# GCC Great Cut Software not opening! Help



## Georgielou

Hi folks,
We've just upgraded to GCC EXPERT 24 cutter and have installed Great Cut software onto the laptop. The shortcut is on the Desktop, all drivers installed and computer recognises the cutter. However, I cannot open the Great Cut program!! It attempts to load for about 10 secs (loading icon appears), then nothing. 
Can't seem to find any troubleshooting help on this, and have gone over the install set-up instructions a few times. Might be missing something really simple, but I can't find it!
Could it be compatibility problem? Or computer problem?
Please help!! 
Thank heaps.


----------



## GraphicsSolution

Did you do the online registration. I had to register online with the gcc club and submit my serial number. Then they emailed me my activation code.


----------



## Georgielou

Hi, thanks for replying! Yes we did that, and received the code.

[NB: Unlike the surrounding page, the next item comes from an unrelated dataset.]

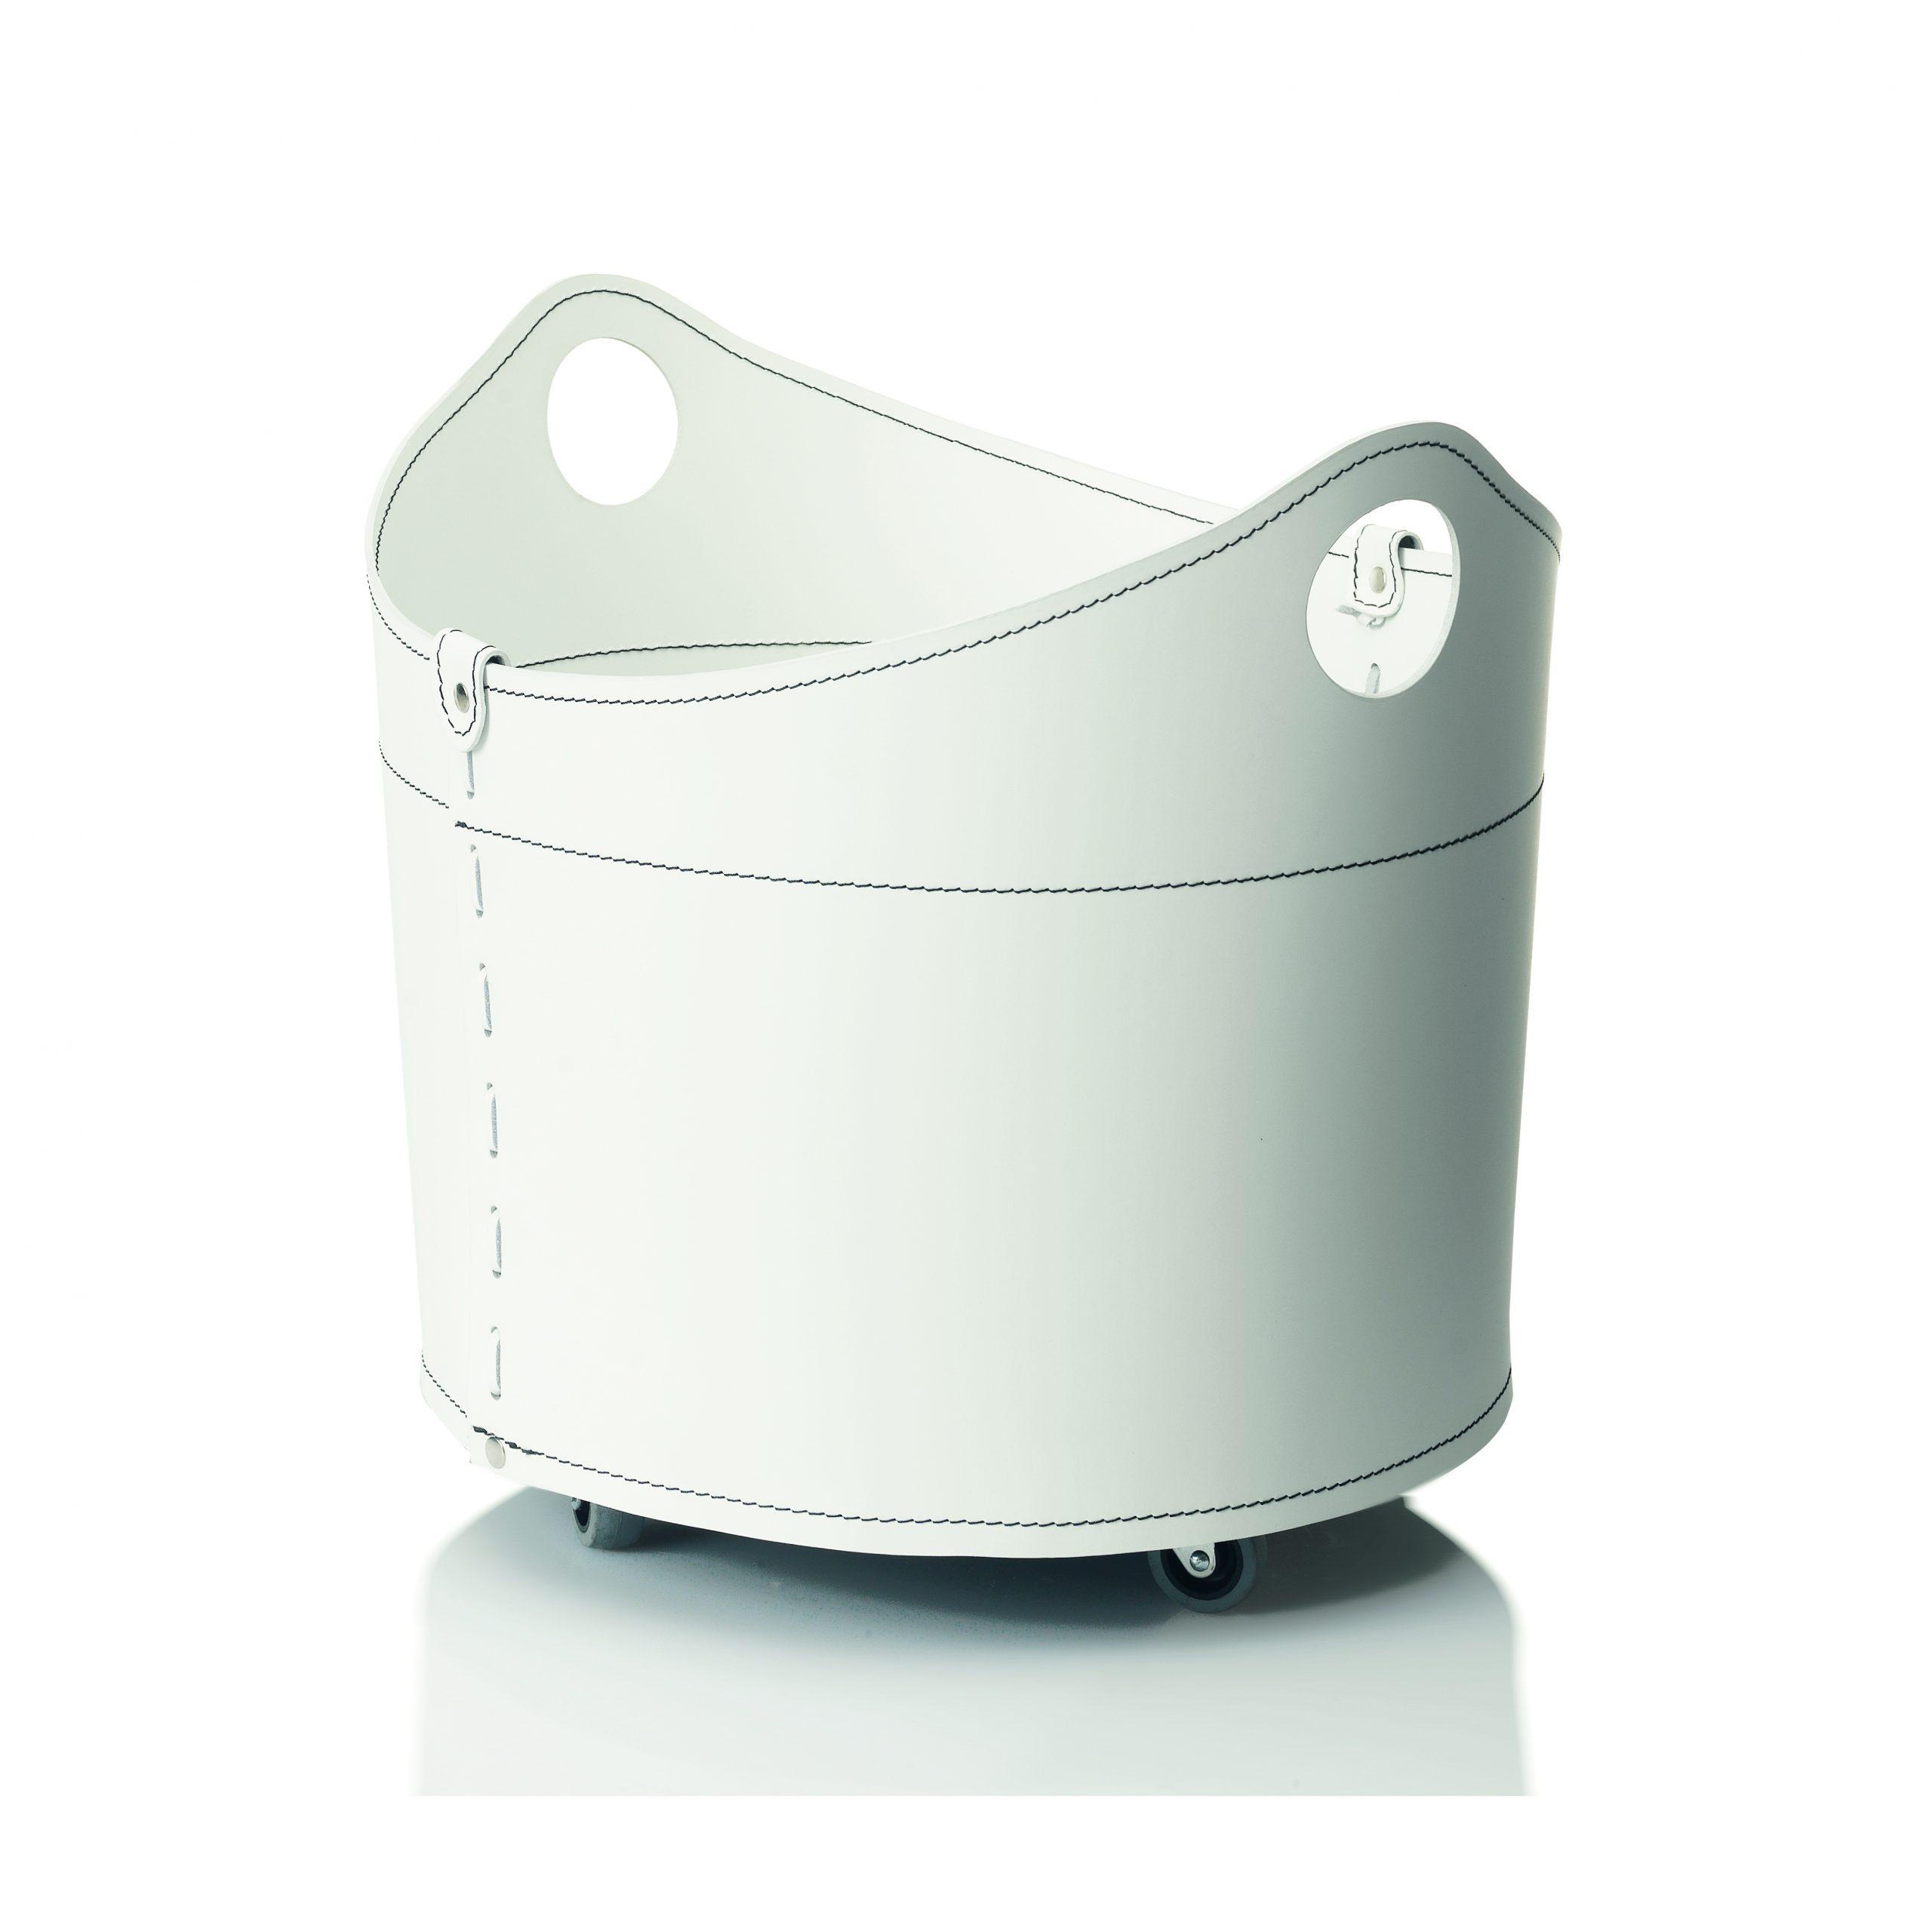 CADIN: Portalegna in cuoio colore bianco, contenitore per camino, borsa porta legna, per la casa, Ufficio, Hotel, design Firestyle®, Made in Italy.

We haven't been able to even enter the code as the program won't open. I know my previous software needed a dongle to operate,but Great Cut doesn't require this, right?


----------



## GHEENEE1

Georgie, if I understand, sounds like your trying to install Greatcut on a desktop and a laptop. I think you would need a multi user license.


----------



## JimboG

I had the same problem with Great Cut. My computer that it was originally on died and a couple of months ago, i reinstalled it, and they gave me a 30 day code and I registered again and I never did receive a new code. I had to have my cutter working, so I am just printing straight out of CorelDraw and really works better then using their software.


----------



## Georgielou

Hi! No, I was referring to the desktop on my laptop. Not 2 separate computers. But thanks for your reply!


----------



## Georgielou

JimboG said:


> I had the same problem with Great Cut. My computer that it was originally on died and a couple of months ago, i reinstalled it, and they gave me a 30 day code and I registered again and I never did receive a new code. I had to have my cutter working, so I am just printing straight out of CorelDraw and really works better then using their software.


Yes, its taken me some time to get it going, but I've now got it working. Even my supplier couldn't offer much help, but he also suggested cutting straight from CorelDraw. At the moment, I'm going ok with Great Cut. Lots of trial and error going on over here! Ha ha!


----------



## Blue92

When we licensed Great Cut they sent (If I remember correctly) an ECF file.

It installed the license by double clicking it and enabled Great Cut.


----------